To jest archiwalna wersja serwisu nj24.pl Tygodnika Nowiny Jeleniogórskie. Zapraszamy do nowej odsłony: NJ24.PL.

Psie ograniczenia w KPN

Psie ograniczenia w KPN

Ograniczenie wstępu na niektóre szlaki turystyczne zapowiada Karkonoski Park Narodowy. To w ramach przygotowywanego nowego planu ochrony parku. Zmiany wejdą w życie nie wcześniej niż za rok.

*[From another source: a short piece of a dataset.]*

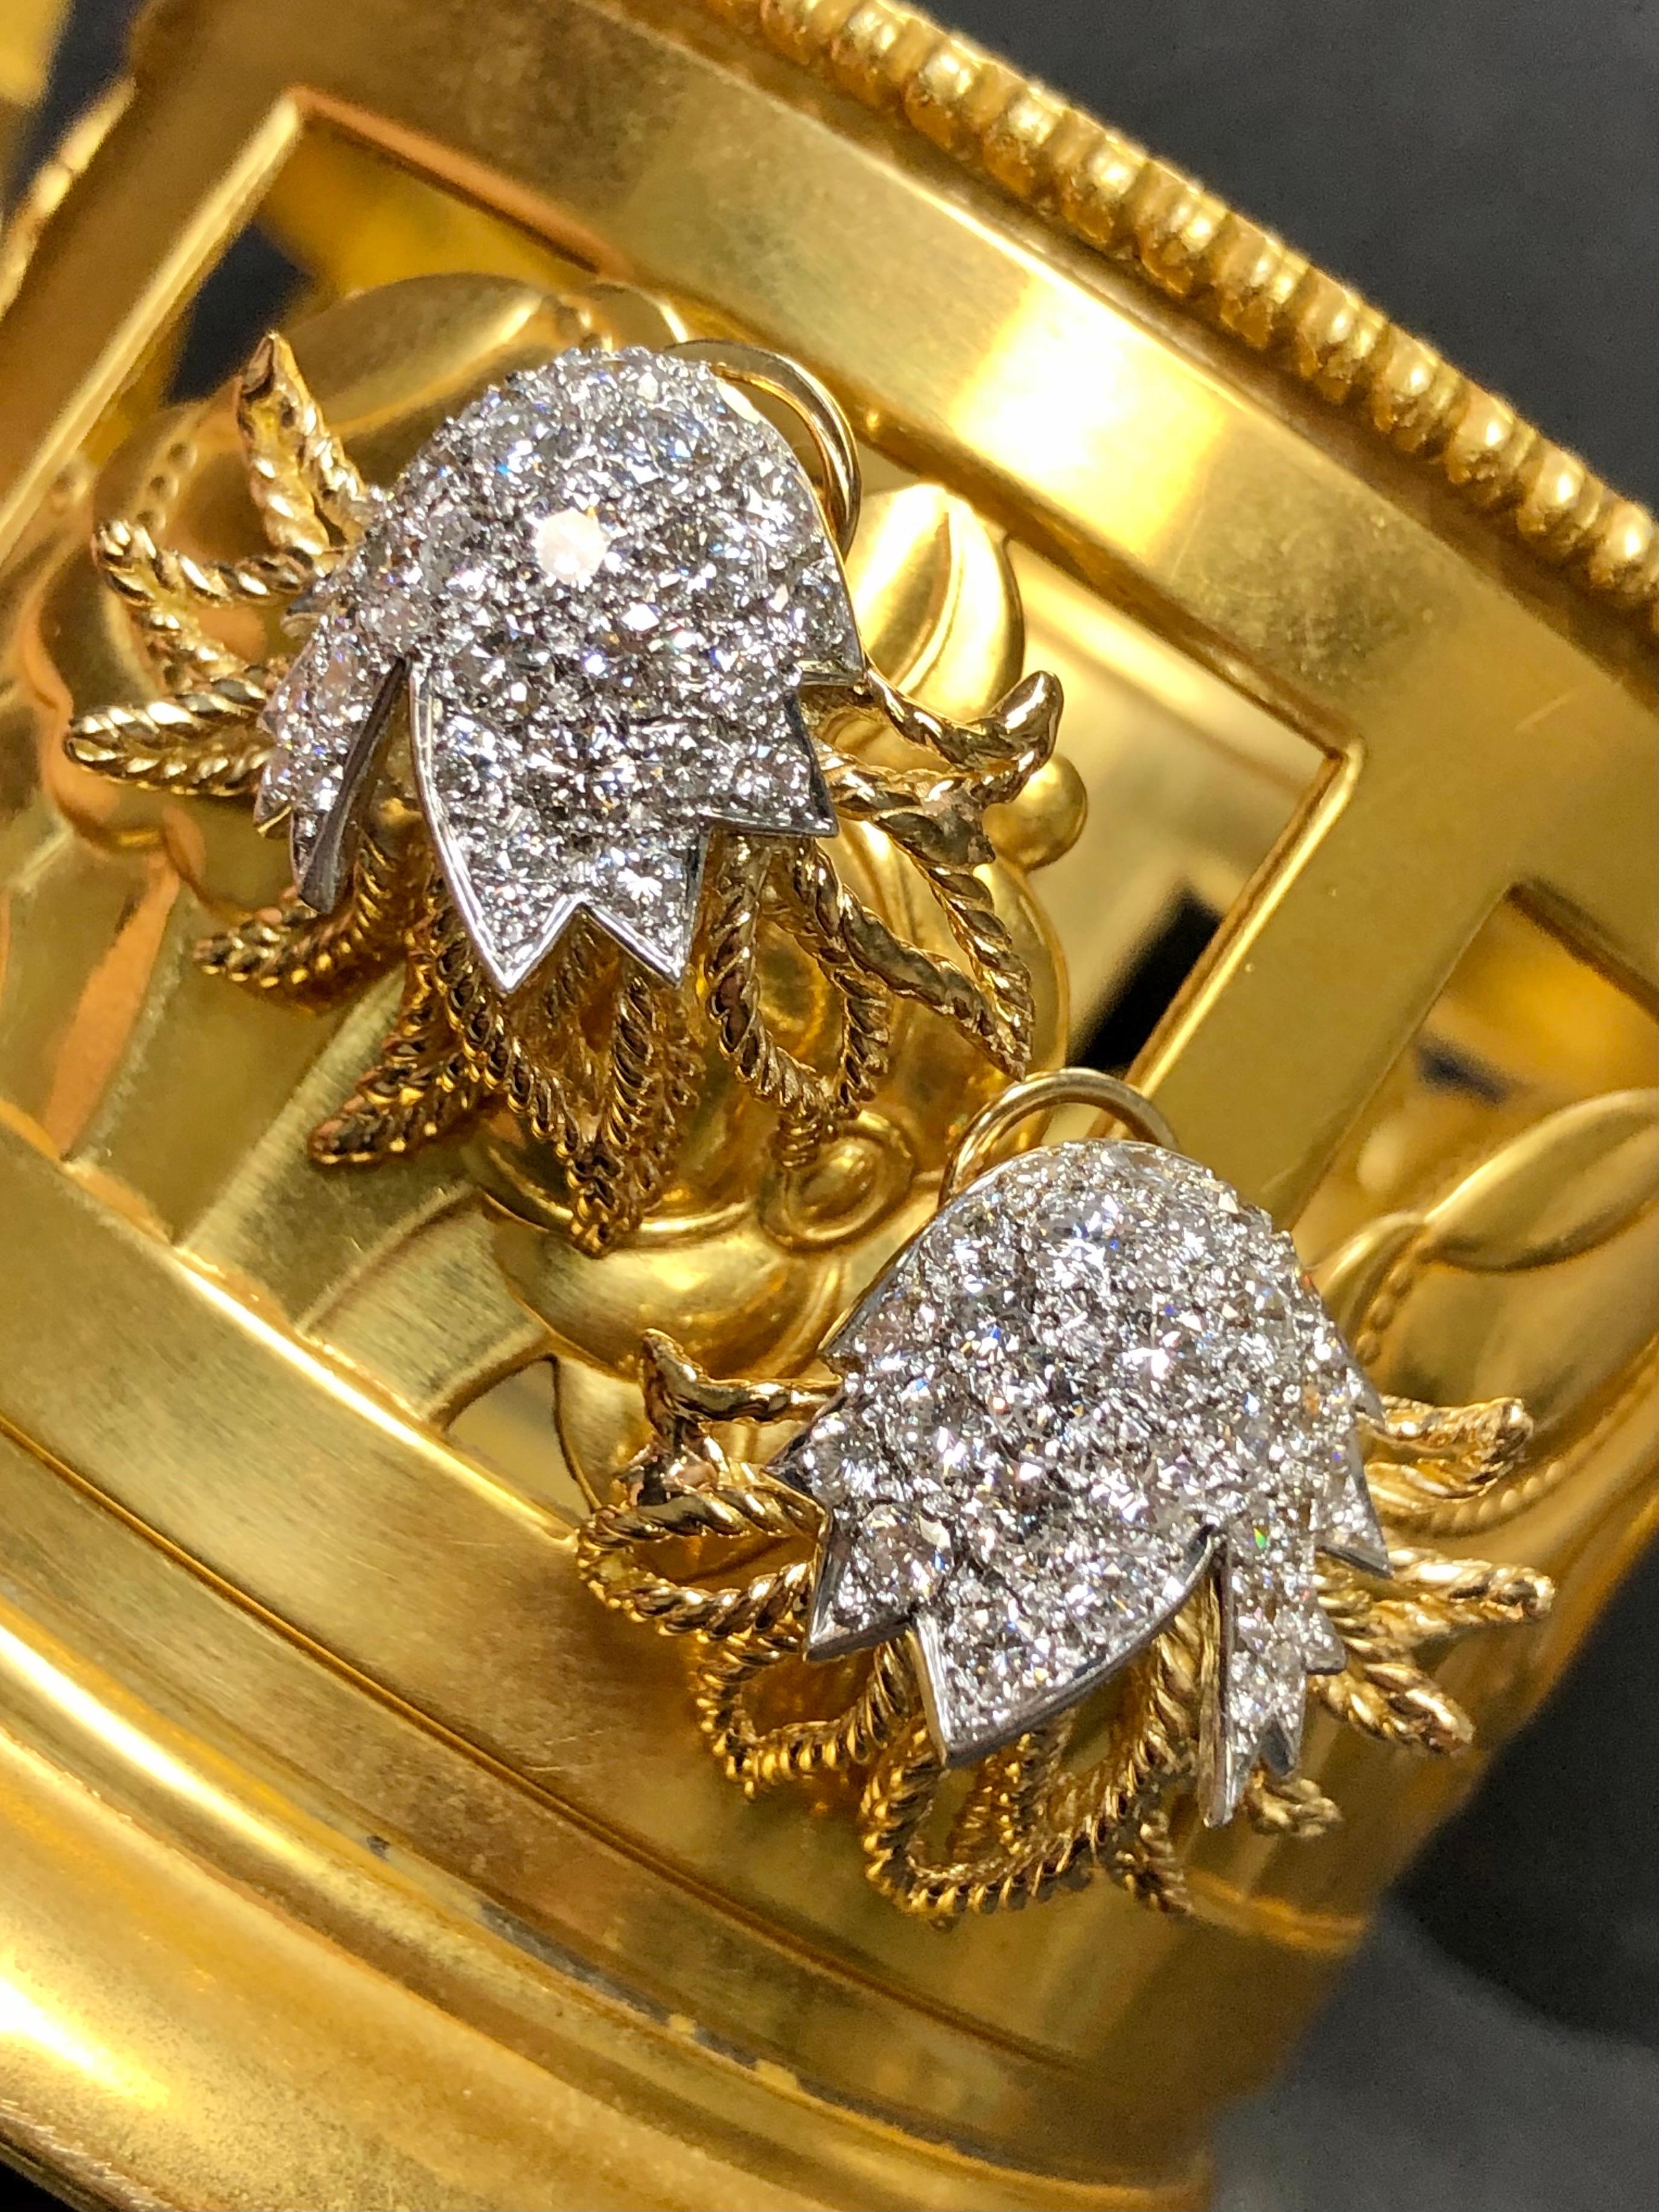 Diese fabelhaften Ohrringe schreien geradezu nach Vintage! Vom Design über die Qualität der Diamanten bis hin zur Rückseite, auf der Sie die makellose Azurierung des Metalls sehen können. Sie sind handgefertigt in 18K Gelbgold und Platin und pavè

Sporo protestów od właścicieli psów napłynęło do Karkonoskiego Parku Narodowego, gdy pojawiła się informacja, że nie wszędzie będzie można chodzić z czworonogami. Dariusz Kuś, główny specjalista d/s ochrony przyrody w KPN jest zdziwiony tymi spóźnionymi reakcjami. W sierpniu i wrześniu kiedy założenia nowego planu ochrony przyrody w KPN były poddawane społecznym konsultacjom nikt nie podnosił tego problemu.
A wyjaśnienie ograniczeń jest proste. Nadrzędnym zadaniem parku narodowego jest ochrona dzikiej przyrody, a obecność psów w niektórych miejscach tę ochronę zakłóca.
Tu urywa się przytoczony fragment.